(Material provided)

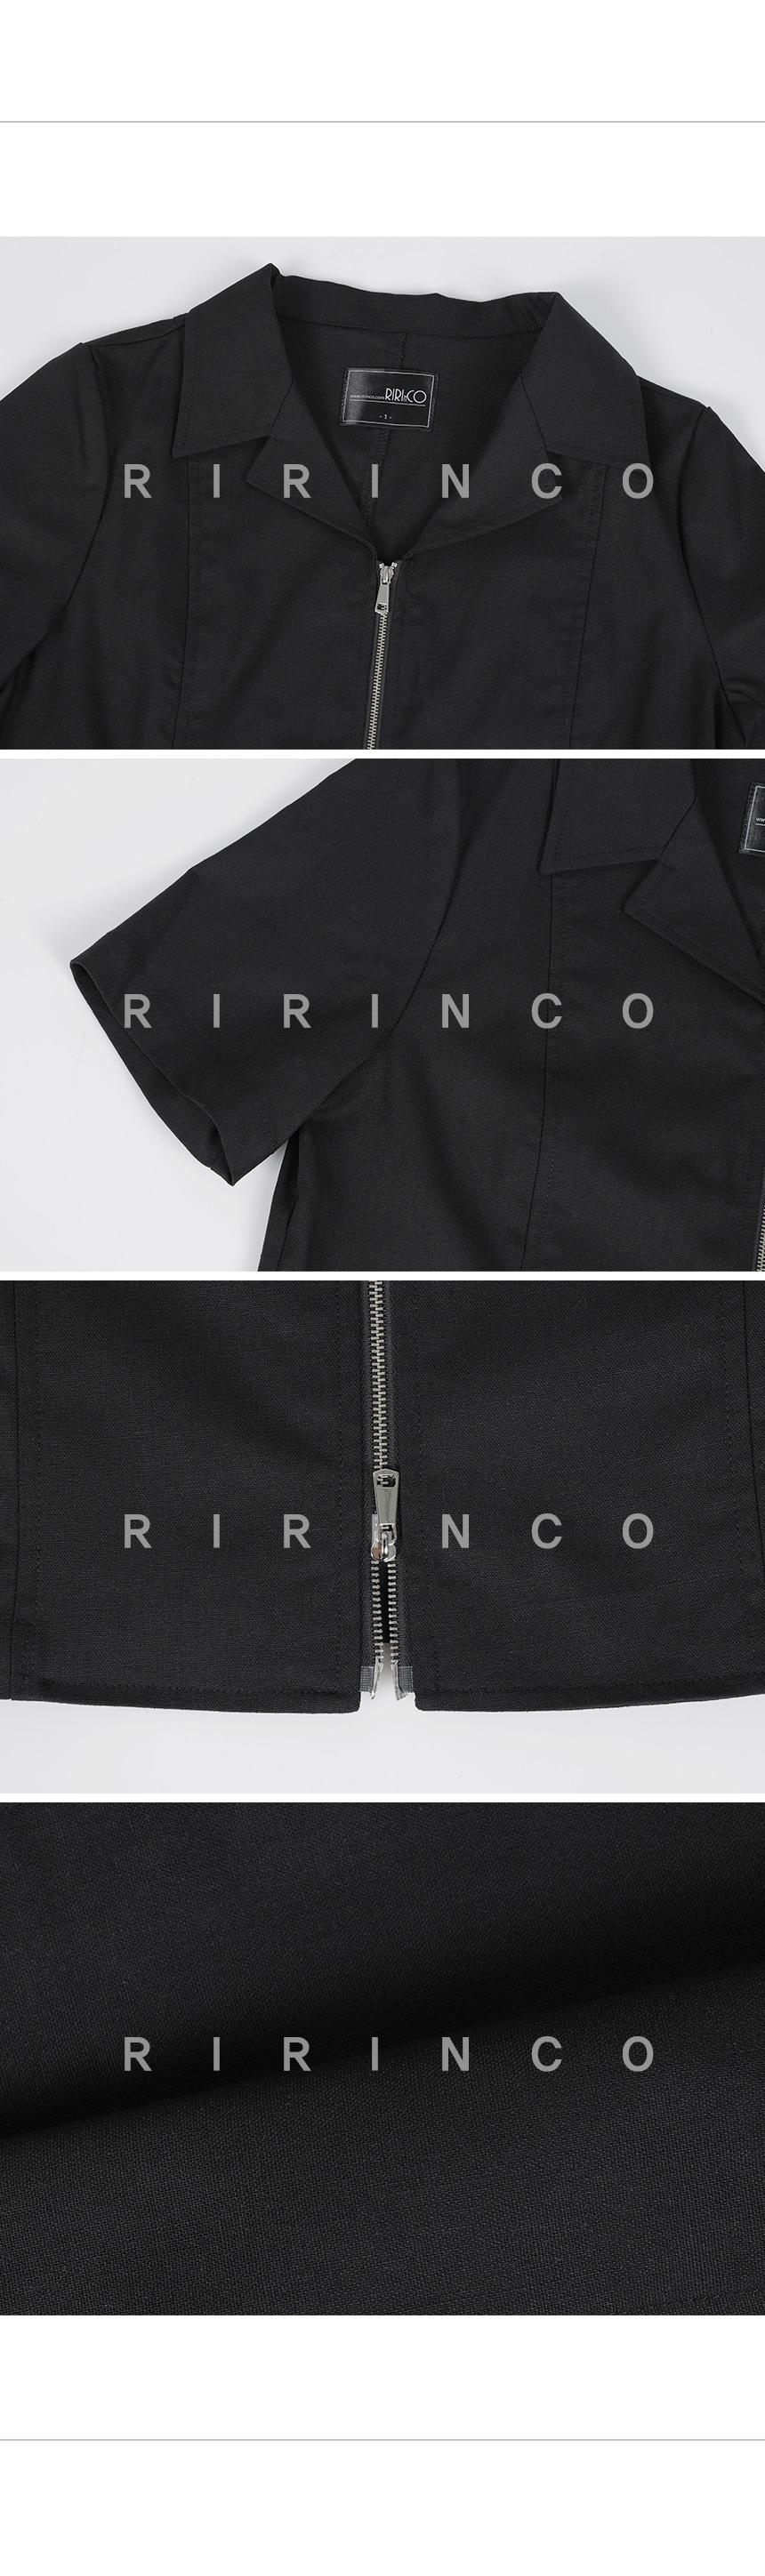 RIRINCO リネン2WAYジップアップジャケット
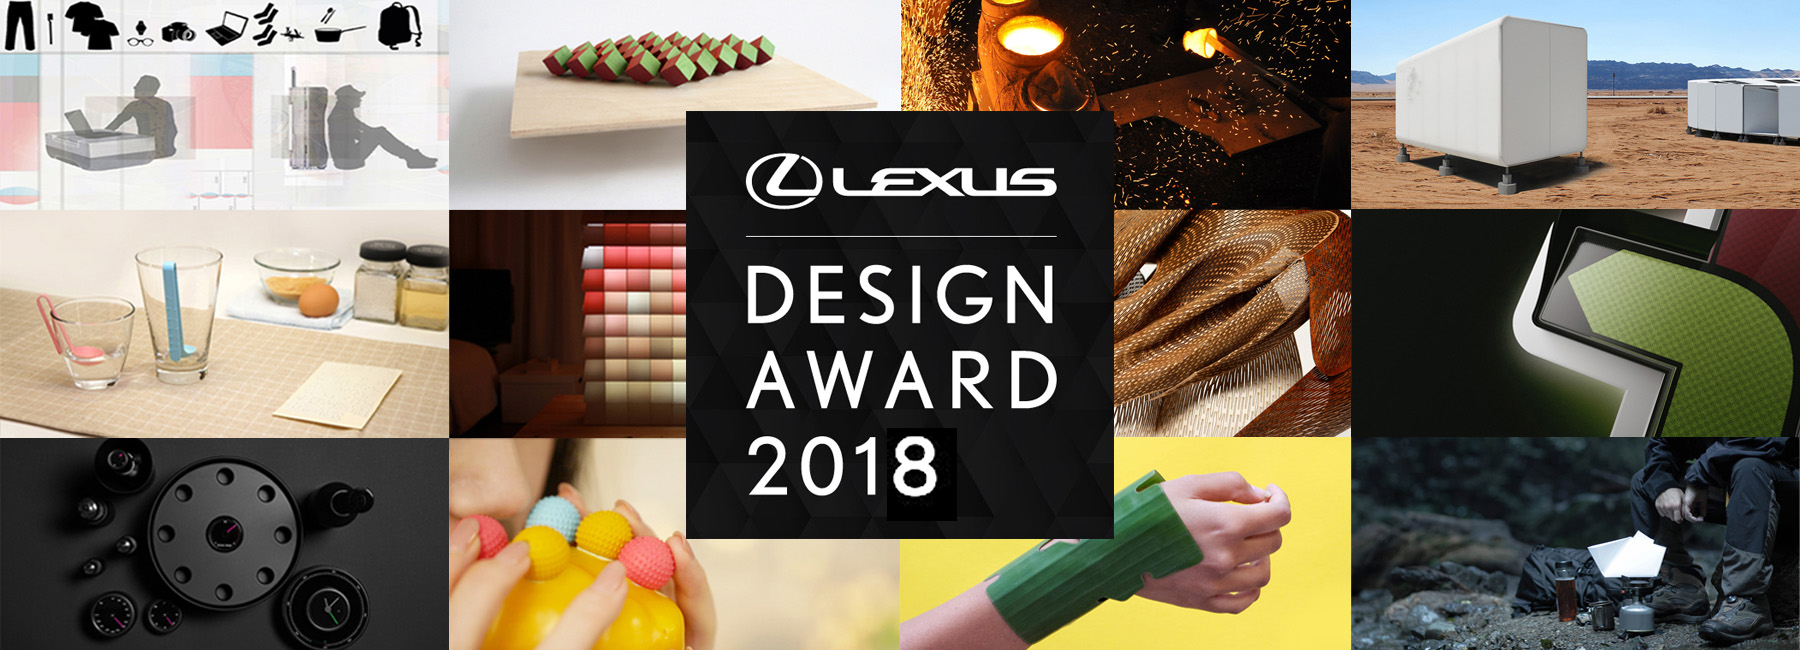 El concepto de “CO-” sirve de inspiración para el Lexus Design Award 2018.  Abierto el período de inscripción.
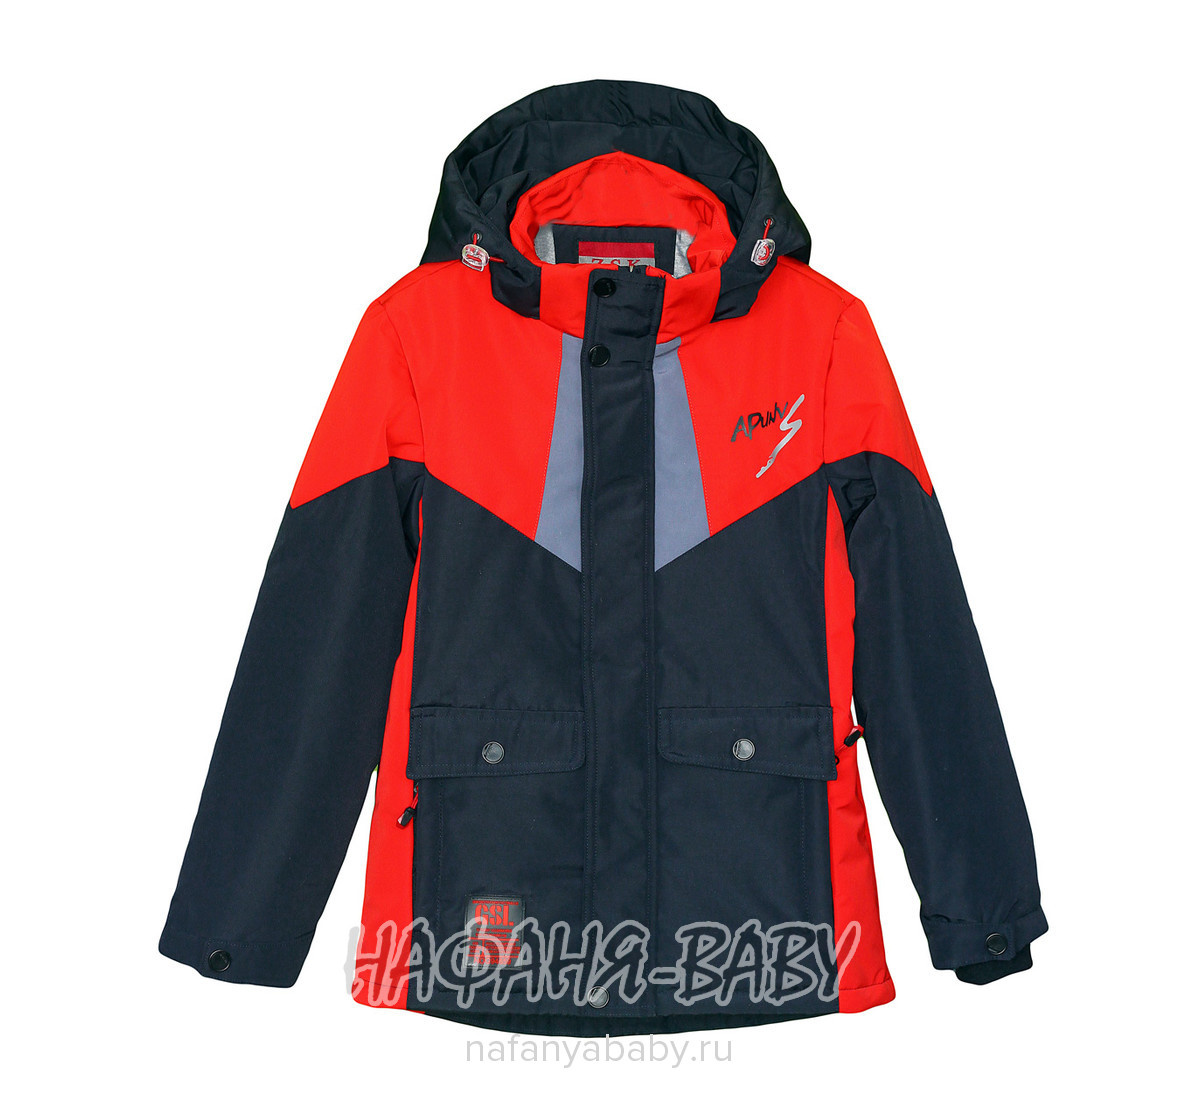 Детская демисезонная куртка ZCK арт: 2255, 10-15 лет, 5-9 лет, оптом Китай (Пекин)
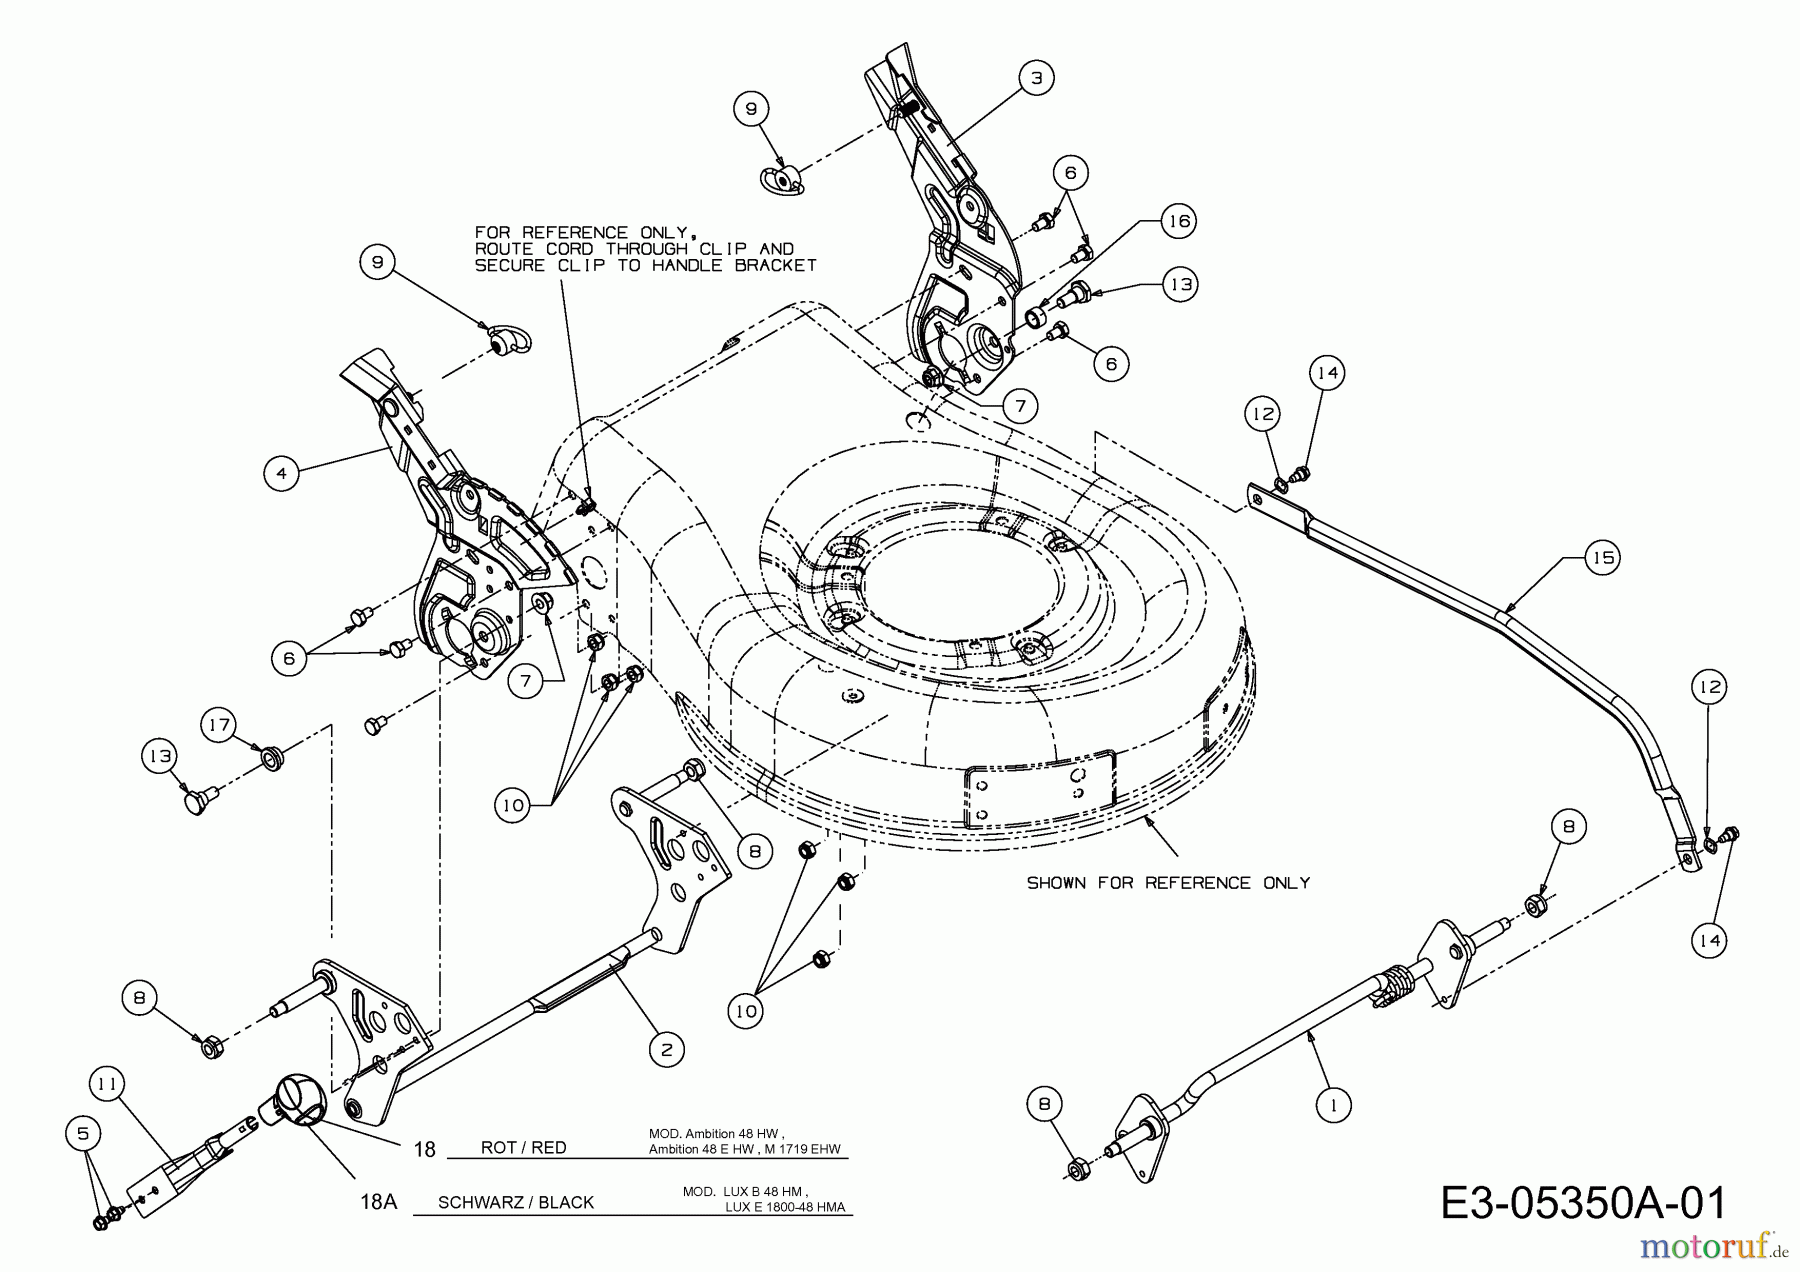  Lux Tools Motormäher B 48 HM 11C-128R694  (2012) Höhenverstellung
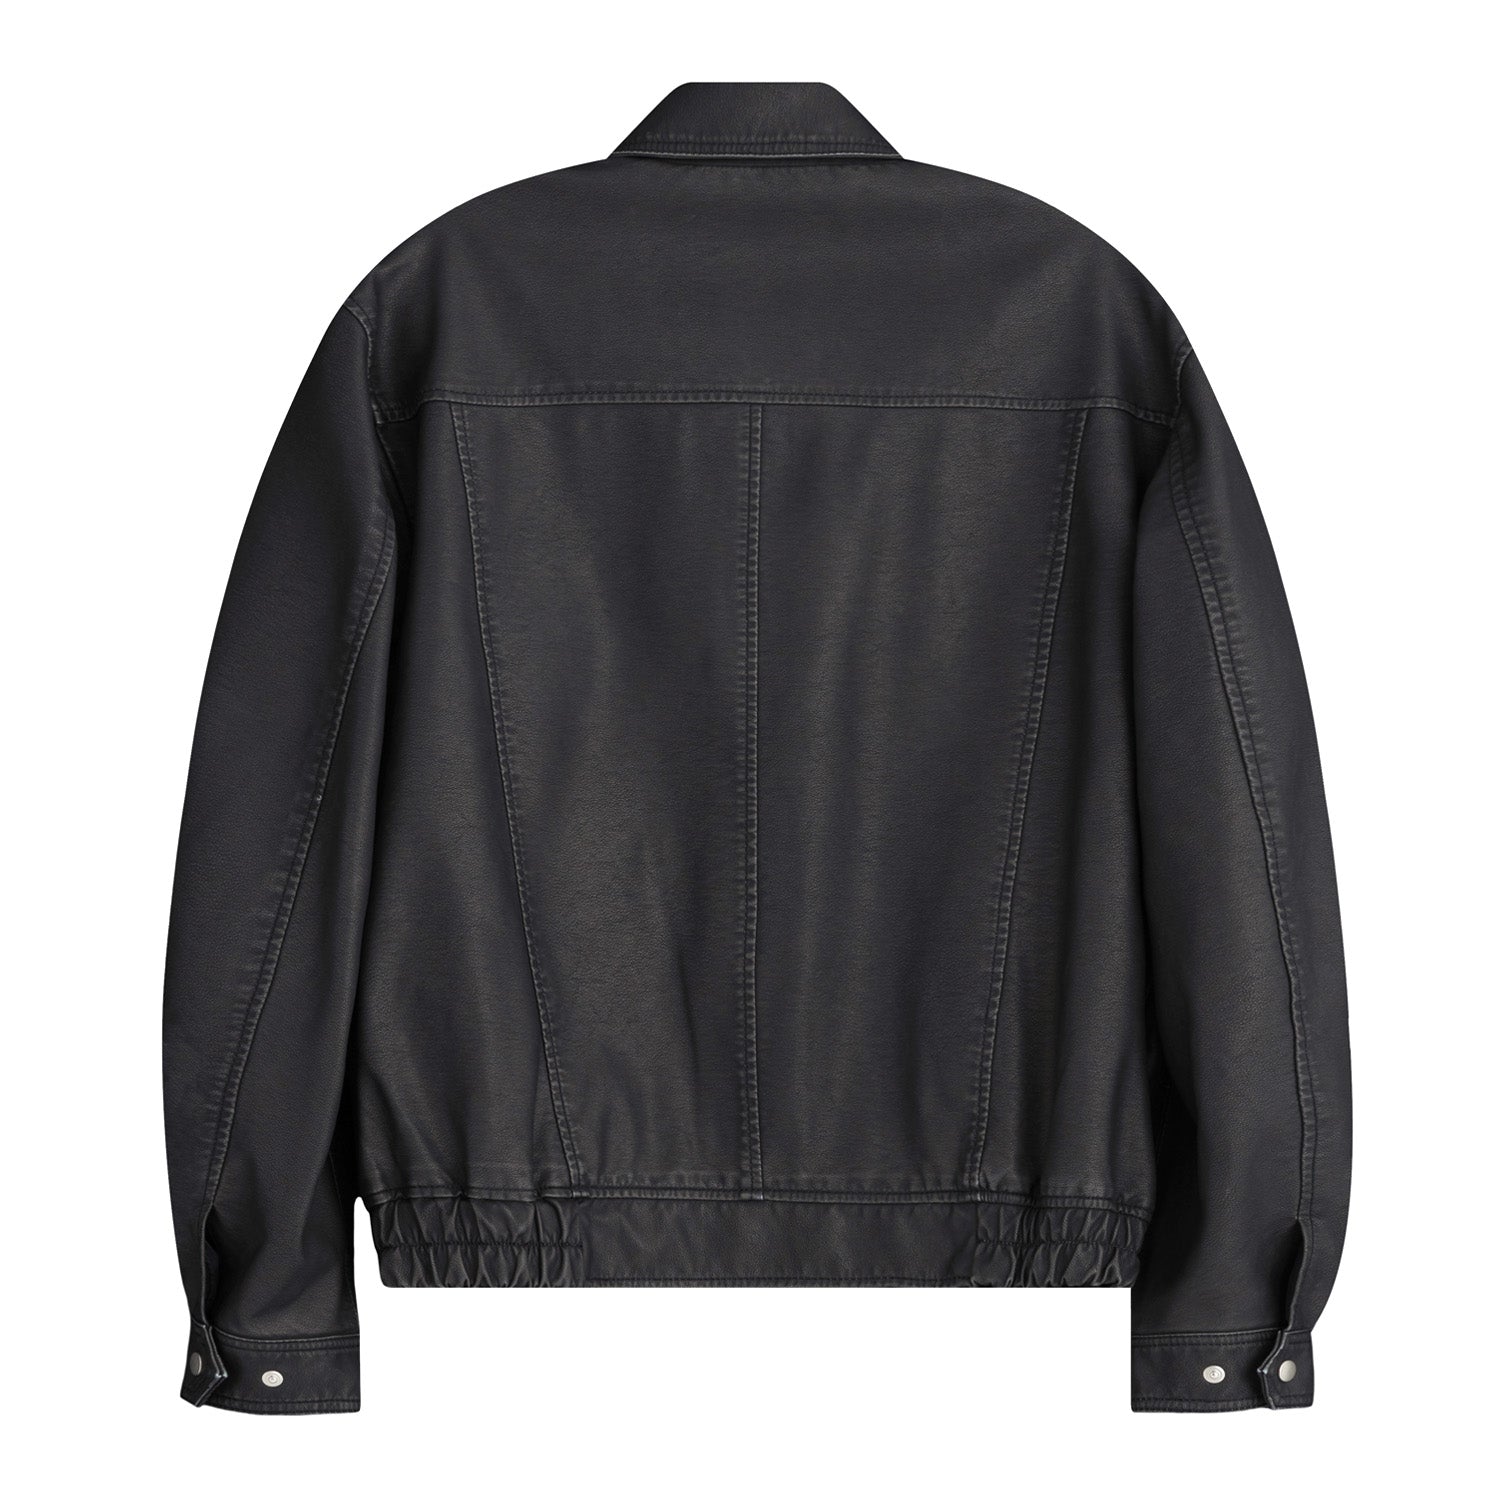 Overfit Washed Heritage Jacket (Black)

(End Material provided)

__Work to complete__. The lines from the one containing "El concepto de" through the end of the data above are to be copied exactly, both ends included, and pictures are to be omitted.

__Output of the exercise__.
 El concepto de “CO-” sirve de inspiración para el Lexus Design Award 2018.  Abierto el período de inscripción.
 Детская демисезонная куртка ZCK арт: 2255, 10-15 лет, 5-9 лет, оптом Китай (Пекин)
  Lux Tools Motormäher B 48 HM 11C-128R694  (2012) Höhenverstellung
 Overfit Washed Heritage Jacket (Black)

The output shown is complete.